Does a state statute that requires a license to peddle goods manufactured outside the state, but requires no license for peddling goods manufactured within the state, violate the Commerce Clause of the U.S. Constitution?


Opinions:

Majority - Mr. Justice Field

Yes. The Missouri statute unconstitutionally discriminates against interstate commerce. The court reasoned that a license tax required for the sale of goods is effectively a tax upon the goods themselves. By imposing this tax only on goods originating from outside Missouri, the statute creates a direct burden on interstate commerce and discriminates against the products of other states. The power to regulate commerce among the states is vested exclusively in Congress for subjects that are national in character and require uniform regulation. The very purpose of this grant of power was to prevent such protectionist and discriminatory state legislation. The court held that Congress's inaction on the subject is equivalent to a declaration that interstate commerce shall remain free and untrammeled, a principle now known as the Dormant Commerce Clause.
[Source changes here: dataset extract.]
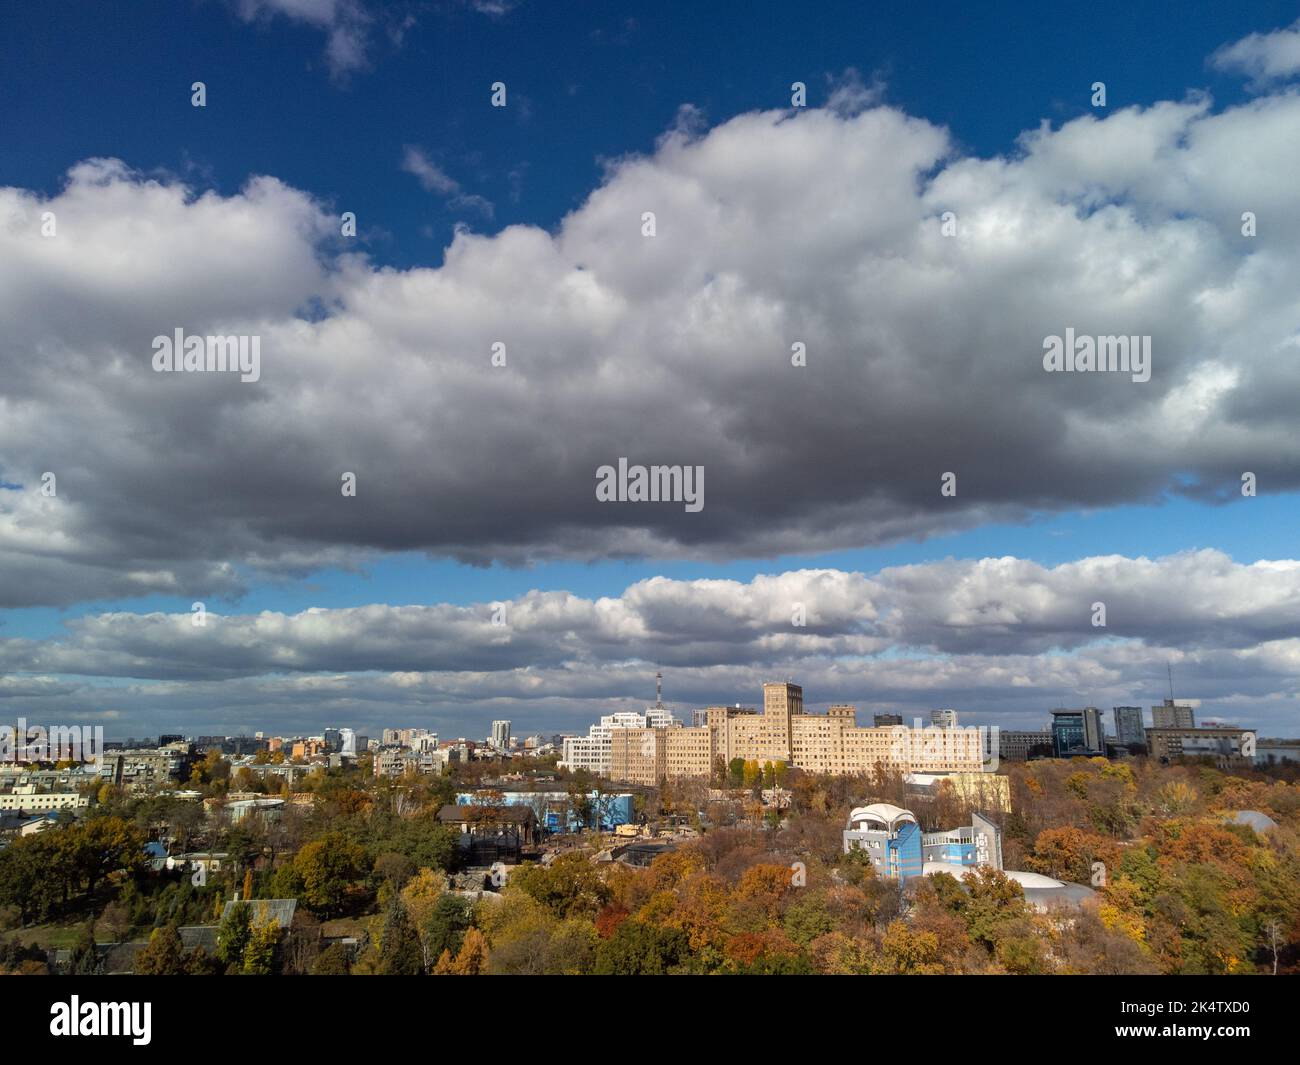 Aerial autumn historical university buildings in city center. Tourist attractions near Shevchenko City Garden park with scenic sky in Kharkiv, Ukraine Stock Photo
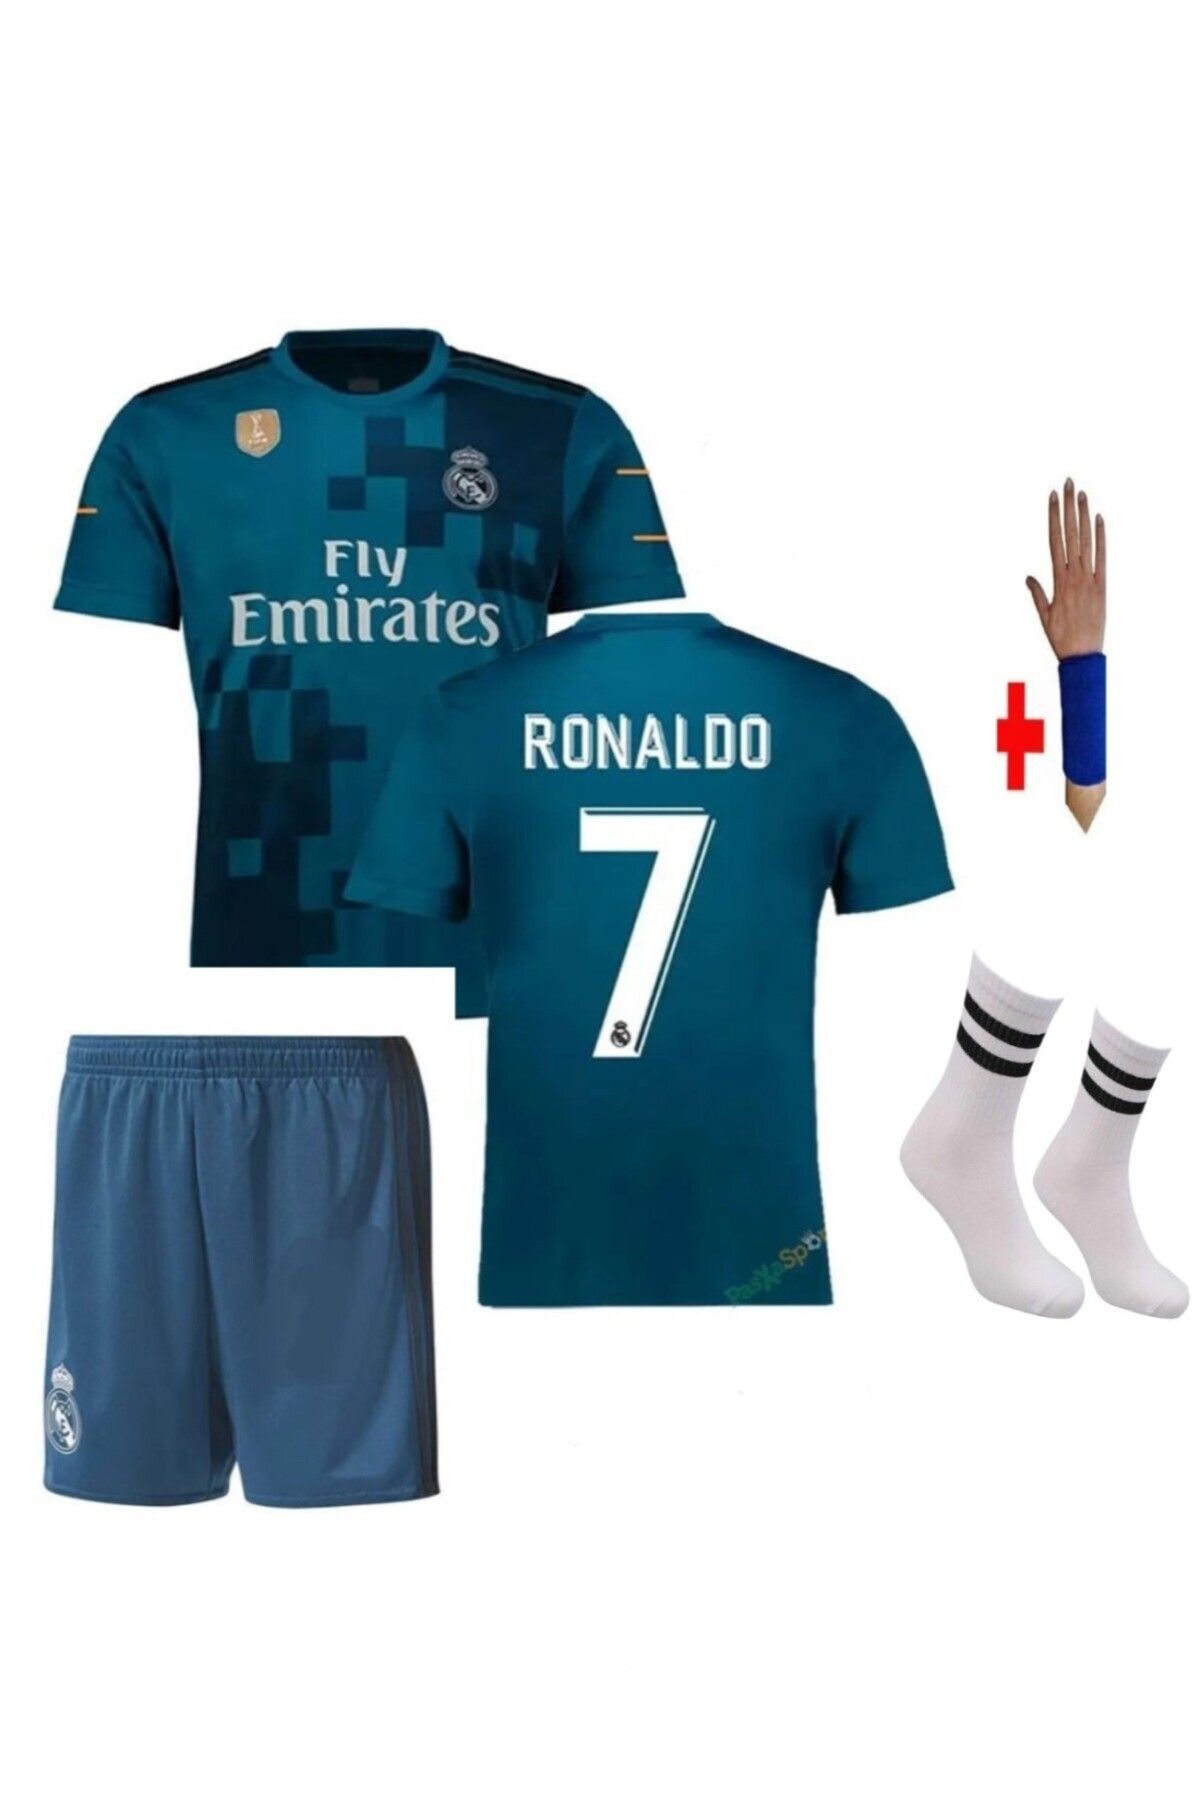 MEDITERIAN Set Real Madrid  Ronaldo Çocuk futbol forması Takımı 4 lü Set 2017/2018 sezon Turkuaz Kumaş

Therefore, the Missouri law, by imposing a burden on out-of-state goods that it does not impose on domestic goods, encroaches upon this exclusive federal power and is void.



Analysis:

This case is a foundational decision in Dormant Commerce Clause jurisprudence. It firmly establishes that state laws which discriminate on their face against out-of-state goods in favor of local economic interests are unconstitutional. The decision solidified the principle that the Commerce Clause has a 'negative' or 'dormant' aspect that limits state power to regulate commerce even when Congress has not legislated on the matter. This precedent has been instrumental in preventing economic protectionism among the states and ensuring the United States operates as a single, unified national market.